Many ML algorithms (including those specified above) can be used for both classification and regression.
# Using LogisticRegression on the cancer dataset. Inspired by Muller and Guido ML book: (https://www.amazon.com/dp/1449369413/)
from sklearn.datasets import load_breast_cancer
from sklearn.linear_model import LogisticRegression
from sklearn.model_selection import train_test_split
import matplotlib.pyplot as plt
%matplotlib inline
cancer = load_breast_cancer()
X_train, X_test, y_train, y_test = train_test_split(cancer.data, cancer.target, stratify=cancer.target, random_state=42)
log_reg = LogisticRegression()
log_reg.fit(X_train, y_train)
LogisticRegression(C=1.0, class_weight=None, dual=False, fit_intercept=True, intercept_scaling=1, max_iter=100, multi_class='ovr', n_jobs=1, penalty='l2', random_state=None, solver='liblinear', tol=0.0001, verbose=0, warm_start=False)
print('Accuracy on the training subset: {:.3f}'.format(log_reg.score(X_train, y_train)))
print('Accuracy on the test subset: {:.3f}'.format(log_reg.score(X_test, y_test)))
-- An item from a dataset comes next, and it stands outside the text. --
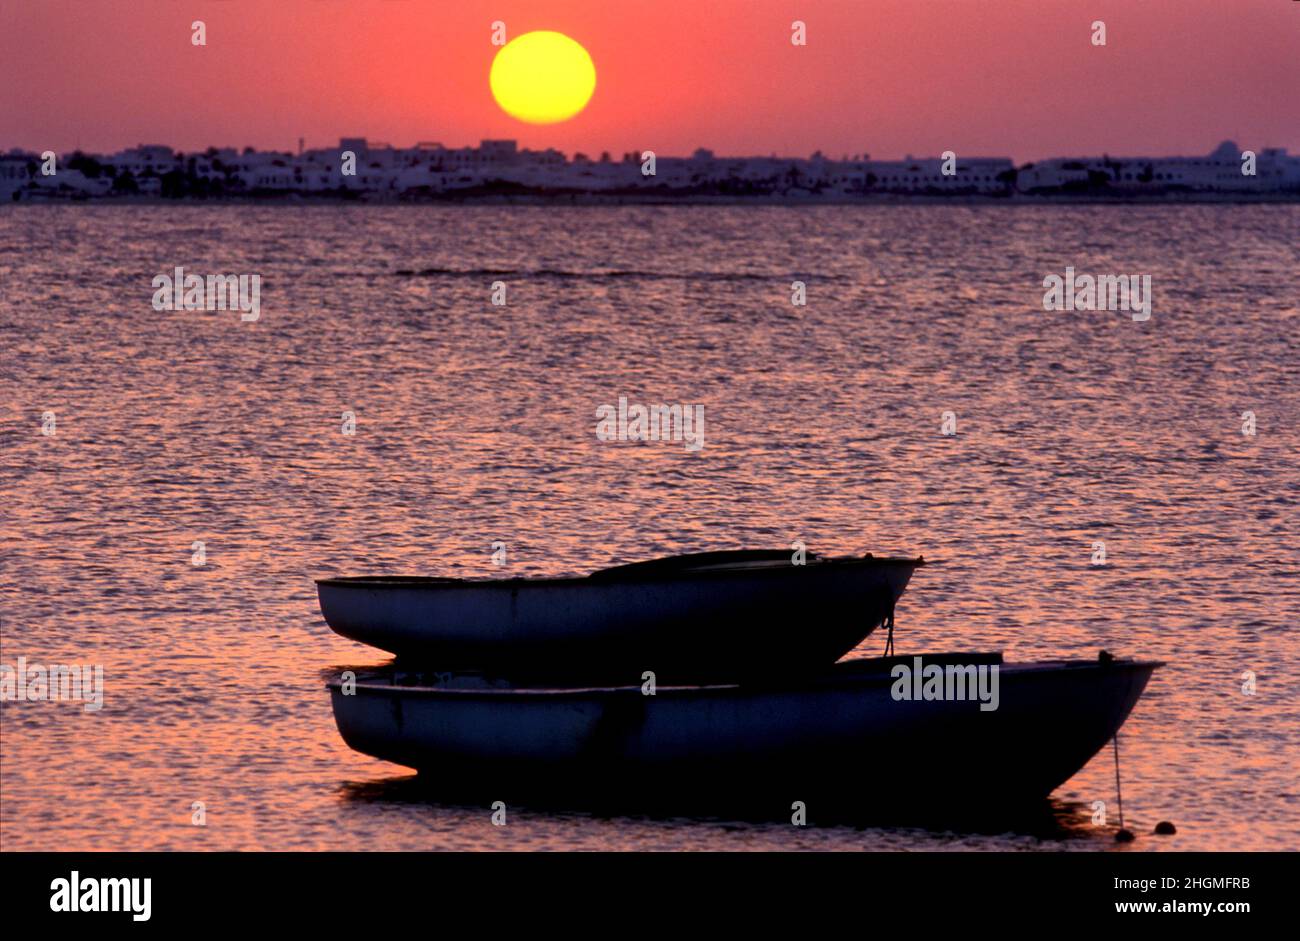 Dinghy boats and coastal sunset, Djerba, Tunisia Stock Photo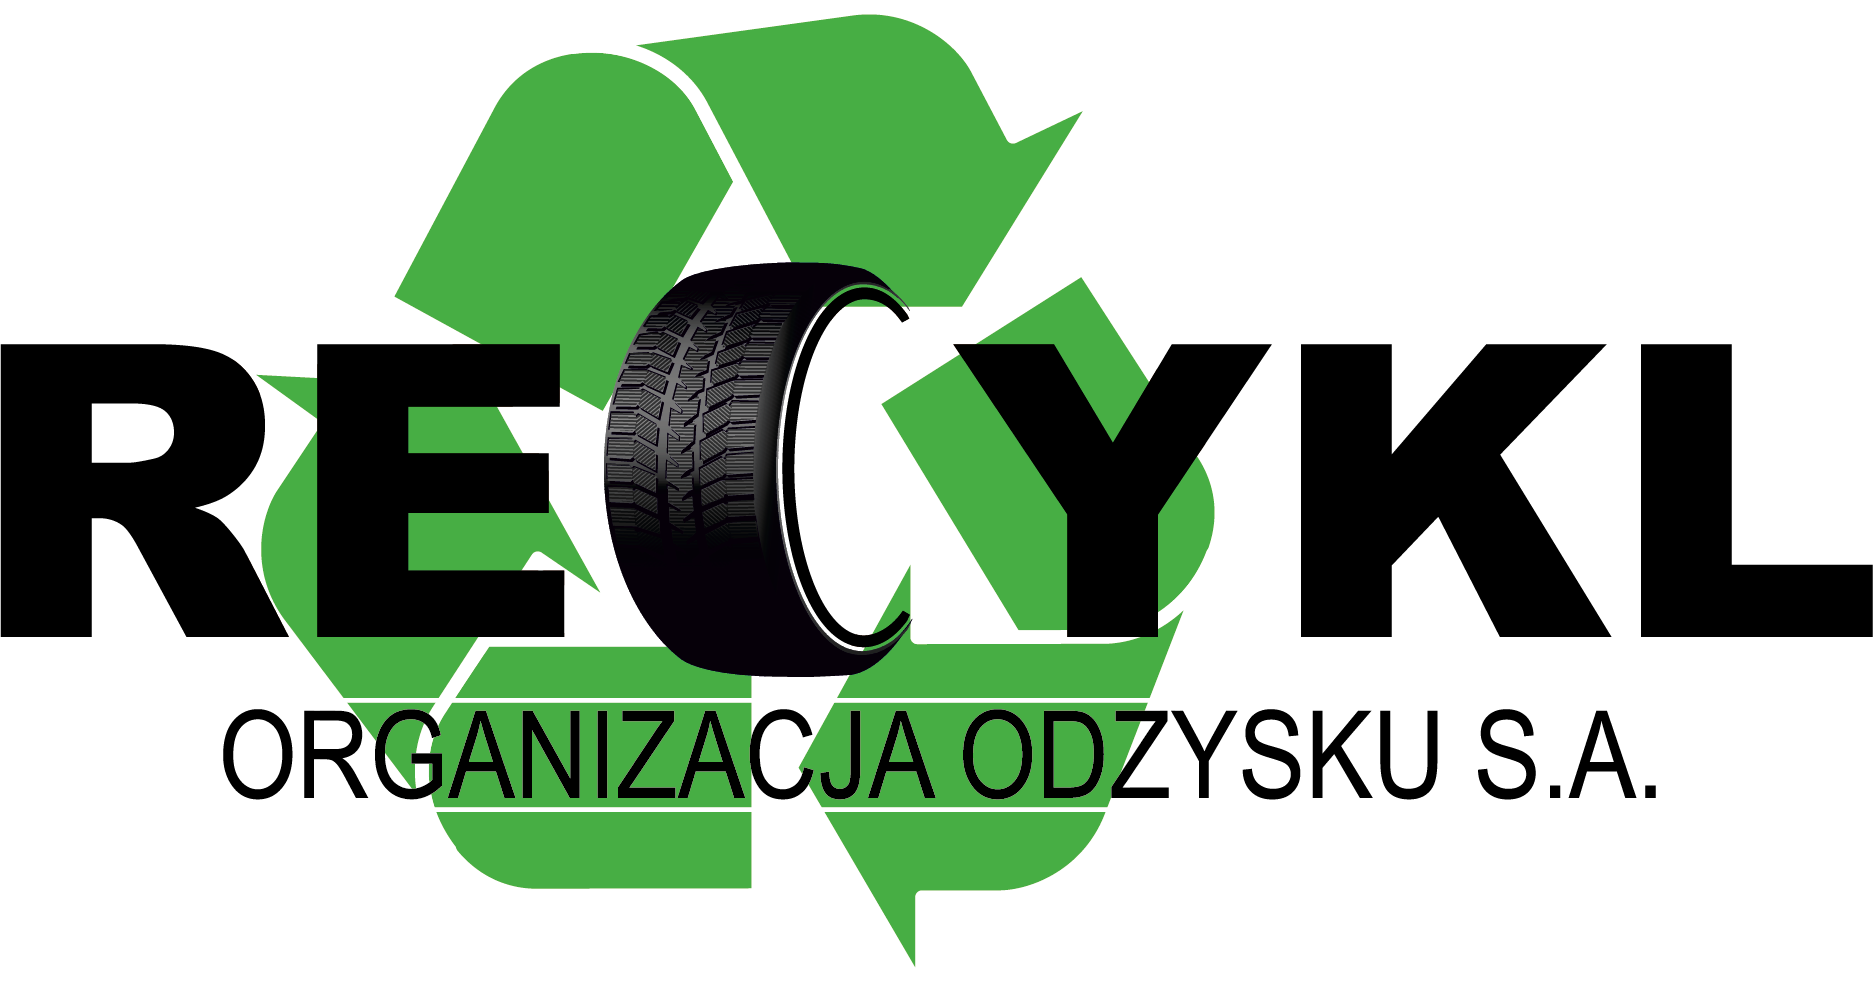 logo-RECYKL_Organizacja-poprawiony-plik.png

Accuracy on the training subset: 0.953 Accuracy on the test subset: 0.958
Regularization:
'C':
log_reg100 = LogisticRegression(C=100)
log_reg100.fit(X_train, y_train)
print('Accuracy on the training subset: {:.3f}'.format(log_reg100.score(X_train, y_train)))
print('Accuracy on the test subset: {:.3f}'.format(log_reg100.score(X_test, y_test)))
Accuracy on the training subset: 0.972 Accuracy on the test subset: 0.965
log_reg001 = LogisticRegression(C=0.01)
log_reg001.fit(X_train, y_train)
print('Accuracy on the training subset: {:.3f}'.format(log_reg001.score(X_train, y_train)))
print('Accuracy on the test subset: {:.3f}'.format(log_reg001.score(X_test, y_test)))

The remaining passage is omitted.